Мортье спешил убежать. В то самое время, как он поспешно удалялся, жадные казаки и грязные мужики, привлеченные жаждой добычи, стали стекаться со всех сторон. Они прислушивались и, ободрившись видимой тишиной, царившей в Кремле, отважились туда проникнуть. Они вошли; их руки, искавшие добычи, уже протягивались к ней; как вдруг все они были уничтожены, раздавлены, подброшены на воздух вместе со стенами Кремля, который они шли грабить, и тридцатью тысячами ружей, оставленных там; затем, перемешавшись с обломками стен и оружия, оторванные части их тел падали далеко на землю, подобно ужасному дождю[190].

Земля вздрогнула под ногами Мортье. На десять лье дальше, в Фоминском, император слышал этот взрыв.

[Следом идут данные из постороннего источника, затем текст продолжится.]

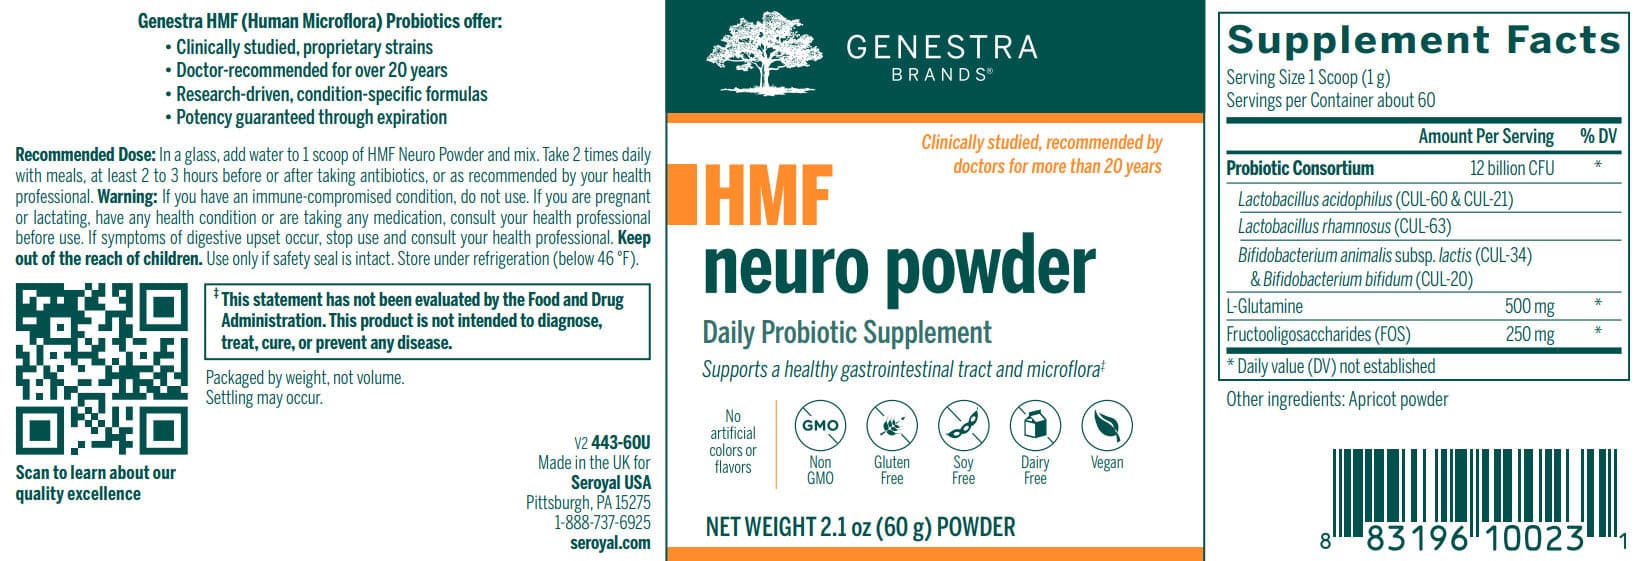 Genestra Brands HMF Neuro Powder Label

Отныне все должно предаваться позади него огню. Завоевывая, Наполеон сохранял все; отступая, он будет разрушать — из необходимости ли разорить неприятеля, и замедлить его движение, или из возмездия, являющегося ужасным последствием военных вторжений; допускающим всевозможные средства обороны, что в свою очередь извиняет все средства нападения.

Впрочем, начало этого рода войны исходило не от. Наполеона. Девятнадцатого октября Бертье писал Кутузову, прося его «урегулировать враждебность русских так, чтобы московскому государству приходилось выносить только страдания, неизбежно связанные с военным положением, так как разрушение России, являясь большим бедствием для страны, тем самым глубоко печалит Наполеона». Но Кутузов отвечал, что он не в состоянии сдержать русский патриотизм; этим его отряды как бы объявили нам чисто татарскую войну, на которую мы призывались отвечать тем же.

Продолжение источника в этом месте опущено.